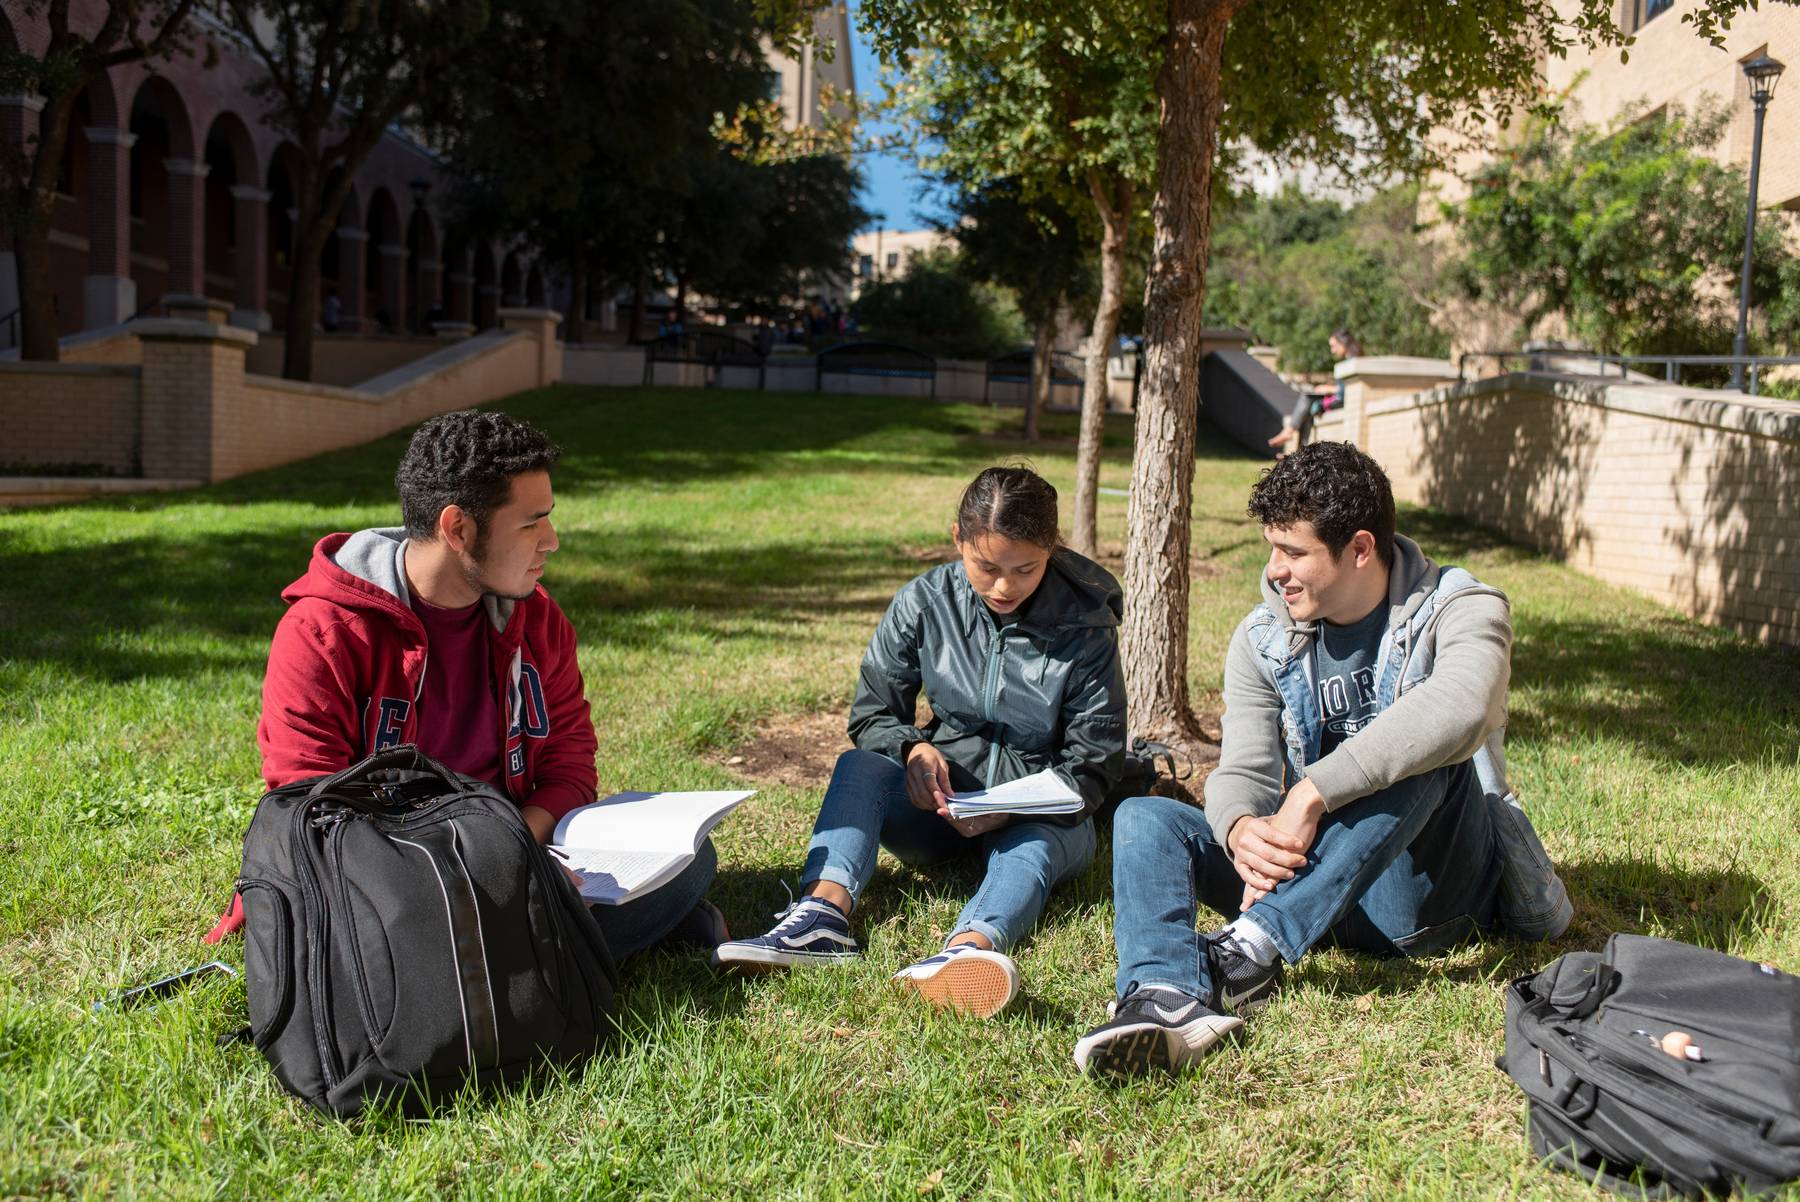 a group of students sit on a grassy area and look at notes together
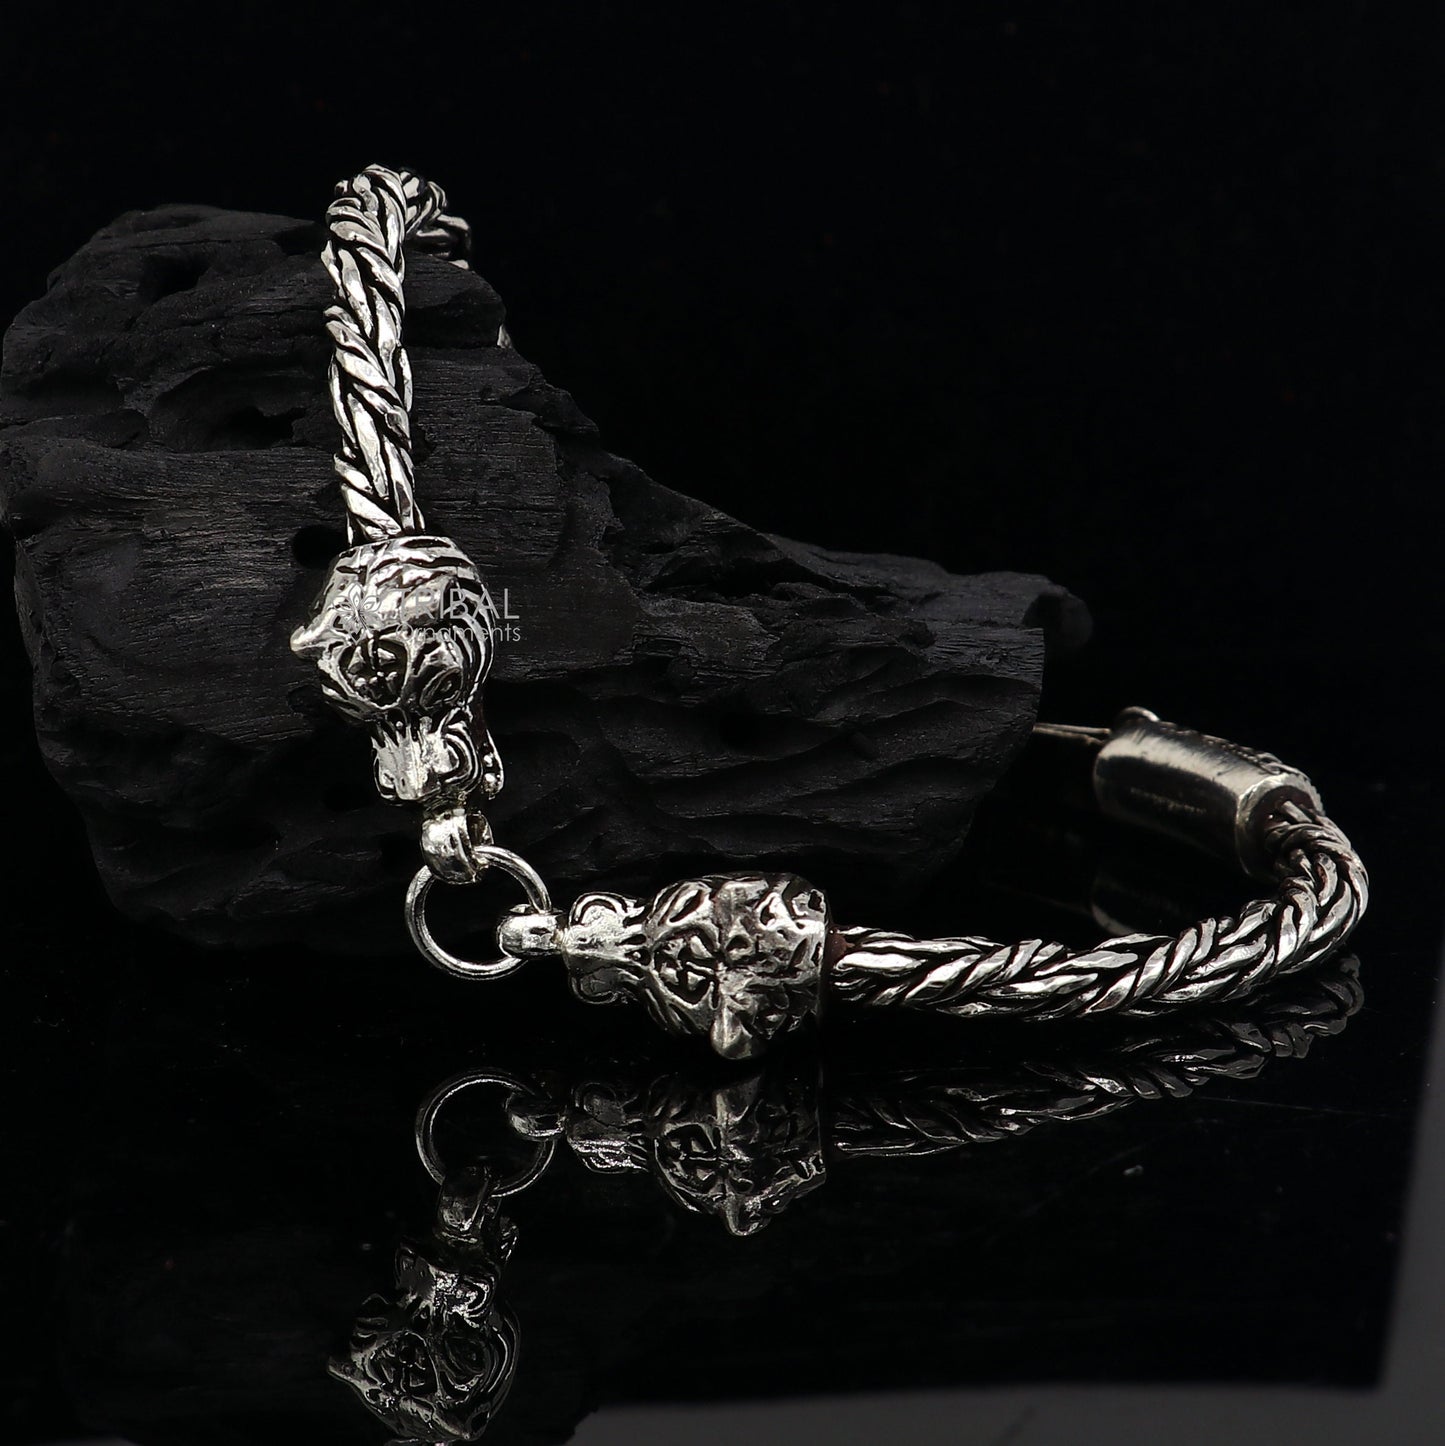 925 sterling silver Unique handmade chain solid bracelet with gorgeous lion face design antique stylish modern gifting jewelry sbr702 - TRIBAL ORNAMENTS
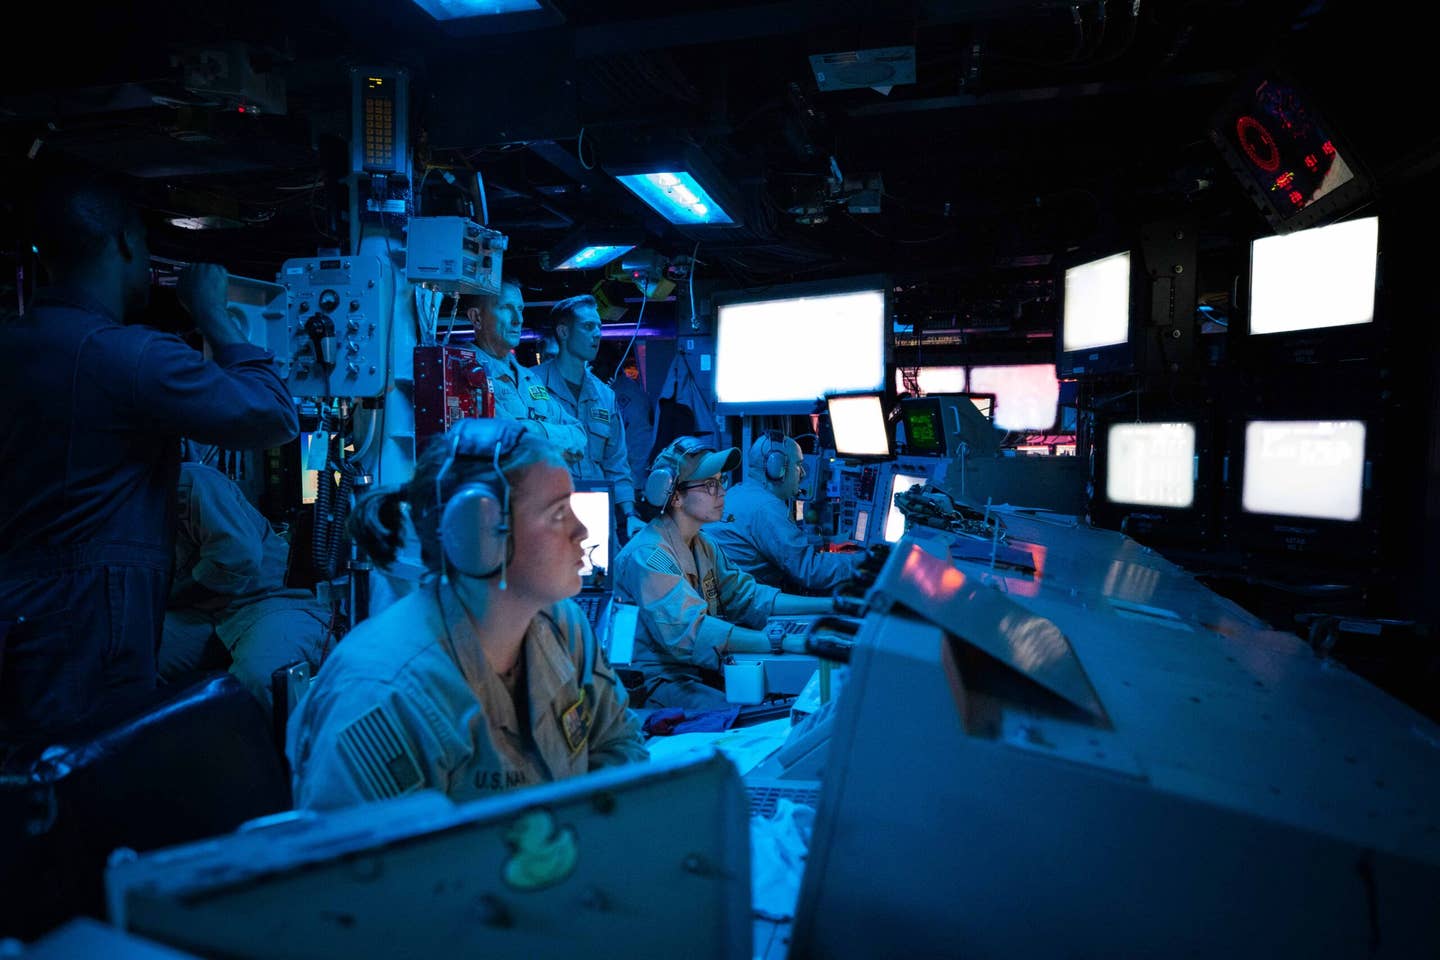 RED SEA (Oct. 19, 2023) Sailors assigned to the Arleigh Burke-class guided-missile destroyer USS Carney (DDG 64) stand watch in the ship’s Combat Information Center during an operation to defeat a combination of Houthi missiles and unmanned aerial vehicles, Oct. 19. Carney is deployed to the U.S. 5th Fleet area of operations to help ensure maritime security and stability in the Middle East region. (U.S. Navy photo by Mass Communication Specialist 2nd Class Aaron Lau)

■ **What is expected**: The answer must be the full listing, restated word for word, with no pictures in it.

■ **Written response**:
 a group of students sit on a grassy area and look at notes together
 925 sterling silver Unique handmade chain solid bracelet with gorgeous lion face design antique stylish modern gifting jewelry sbr702 - TRIBAL ORNAMENTS
 RED SEA (Oct. 19, 2023) Sailors assigned to the Arleigh Burke-class guided-missile destroyer USS Carney (DDG 64) stand watch in the ship’s Combat Information Center during an operation to defeat a combination of Houthi missiles and unmanned aerial vehicles, Oct. 19. Carney is deployed to the U.S. 5th Fleet area of operations to help ensure maritime security and stability in the Middle East region. (U.S. Navy photo by Mass Communication Specialist 2nd Class Aaron Lau)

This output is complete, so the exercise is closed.